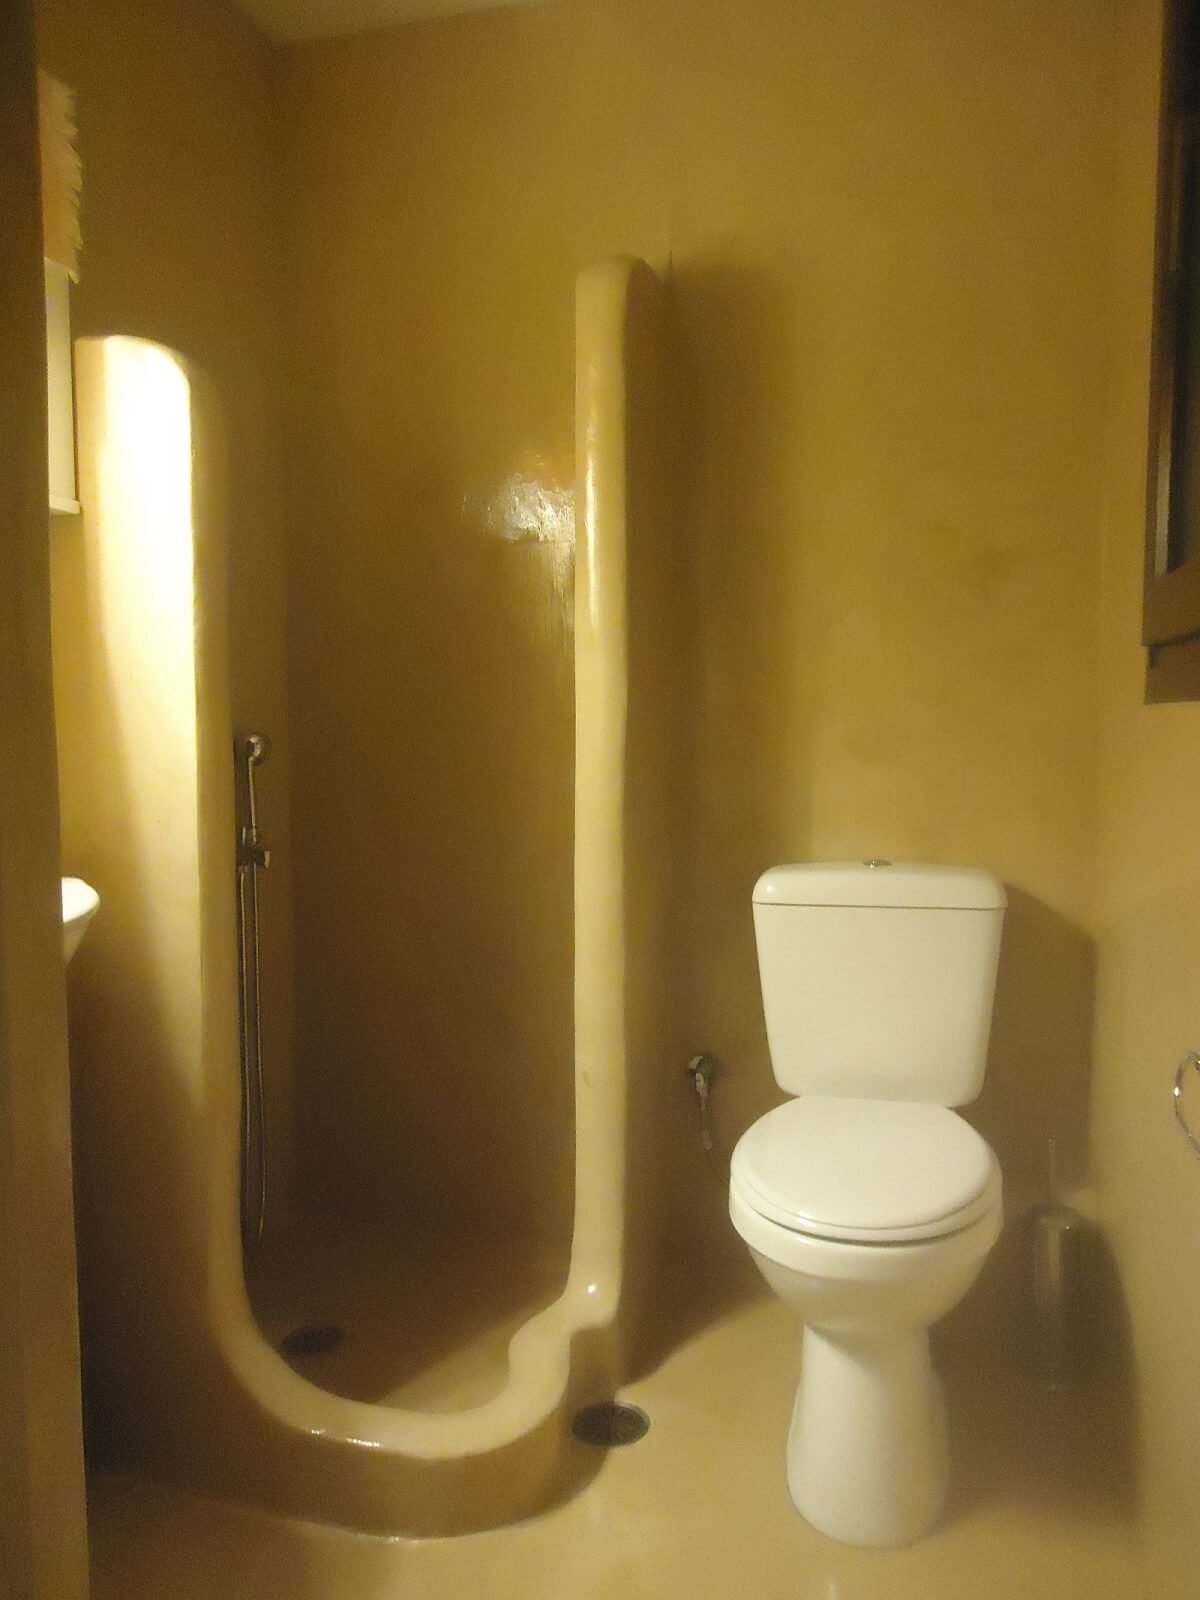 Πατητή τσιμεντοκονία σε μπάνιο και χτιστή ντουζιέρα
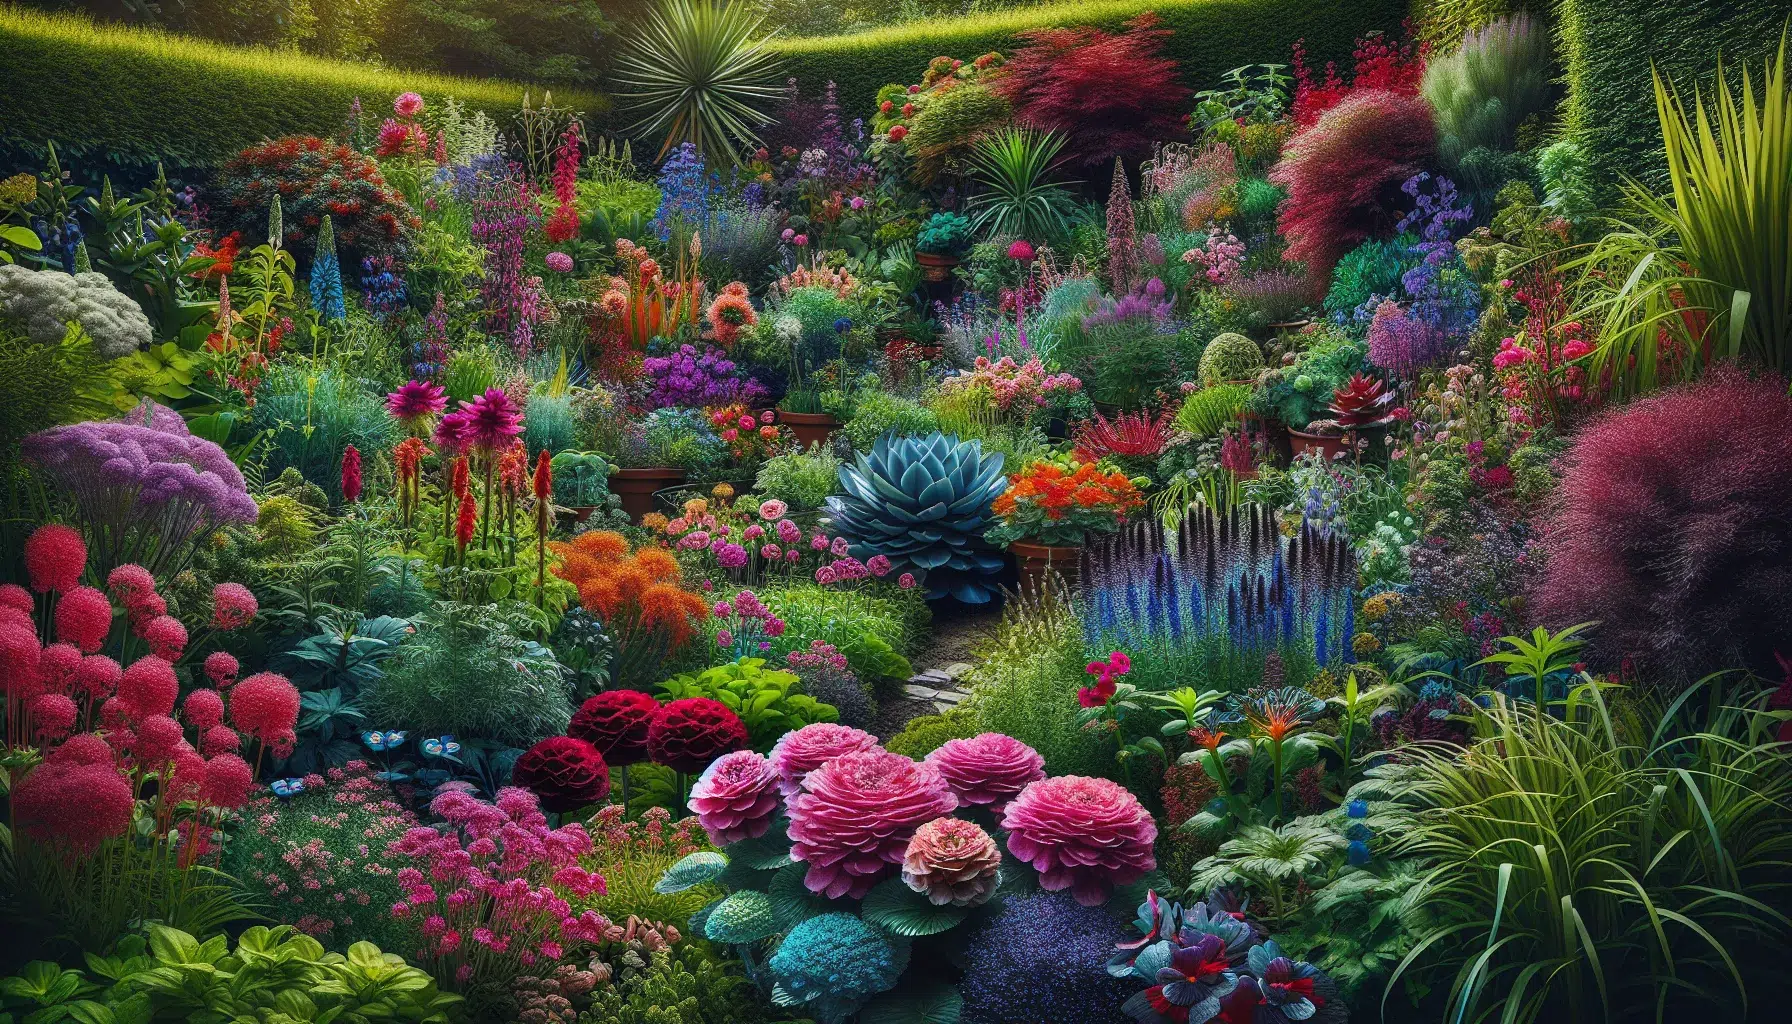 Imagen de un jardín colorido y armonioso con una variedad de plantas ornamentales, resaltando la belleza y diversidad de especies para decorar tu espacio exterior.
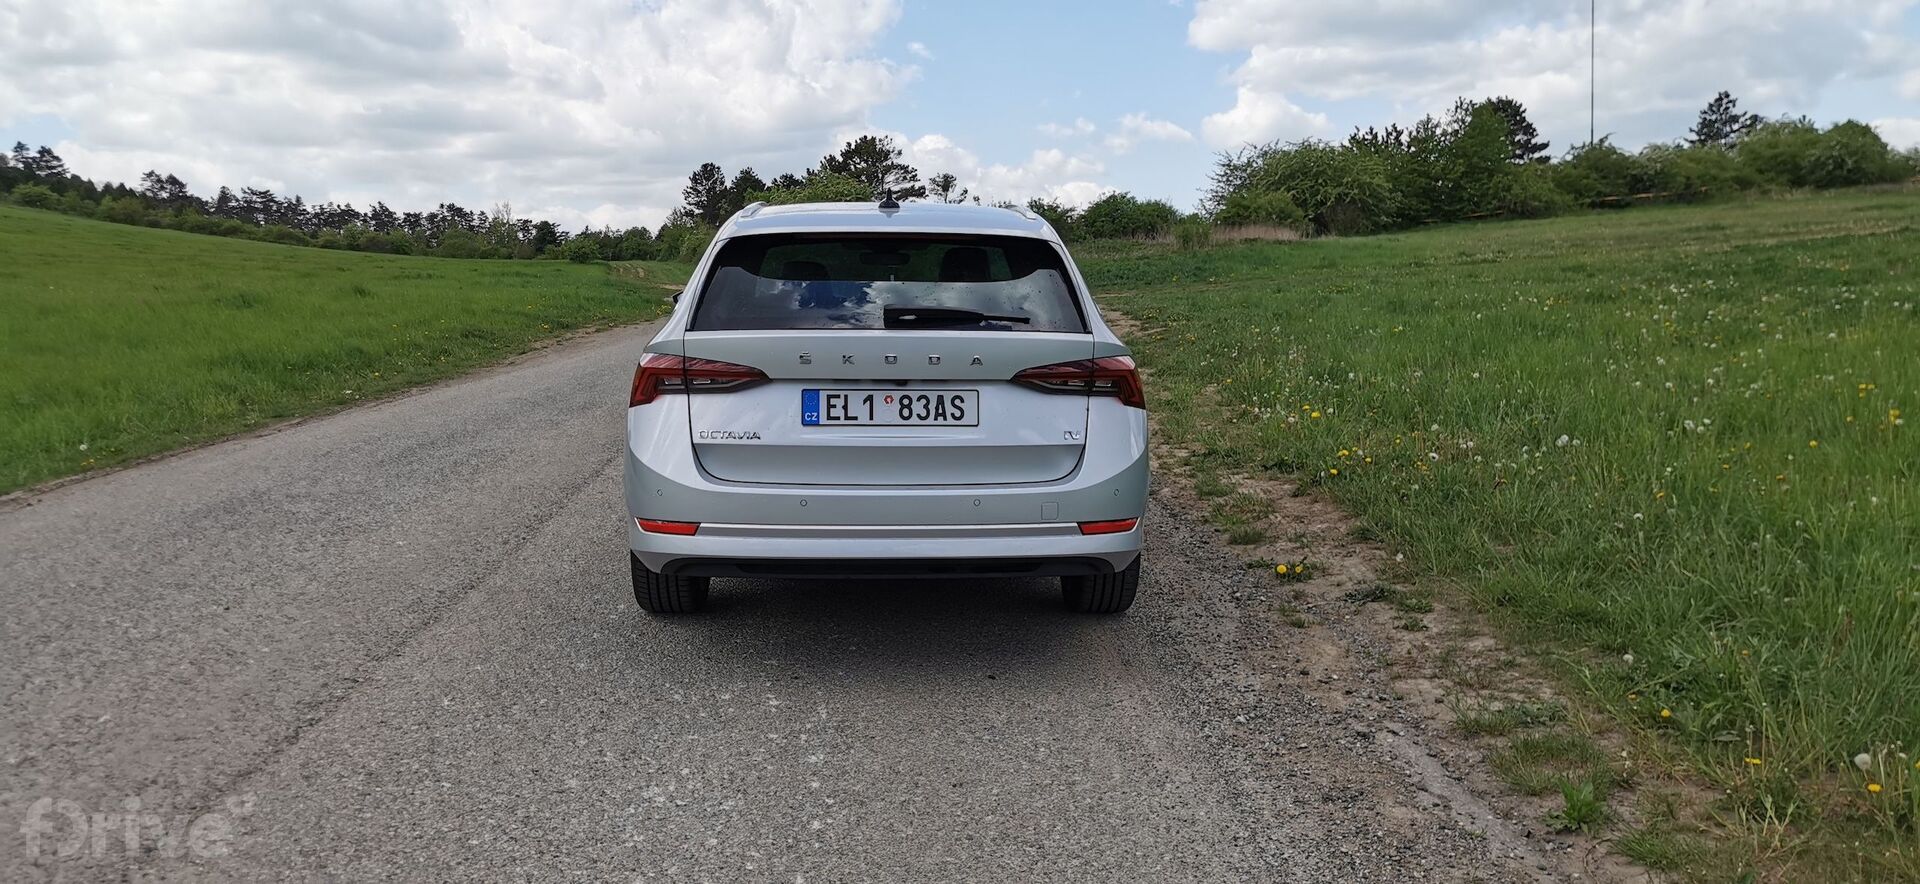 Škoda Octavia Combi iV

▶ _Work to complete_: This task calls for restating, word for word, each line from the line holding "Imagen de un" through the end of the material, pictures left out.

▶ _Answer to the exercise_:
 Imagen de un jardín colorido y armonioso con una variedad de plantas ornamentales, resaltando la belleza y diversidad de especies para decorar tu espacio exterior.
 Škoda Octavia Combi iV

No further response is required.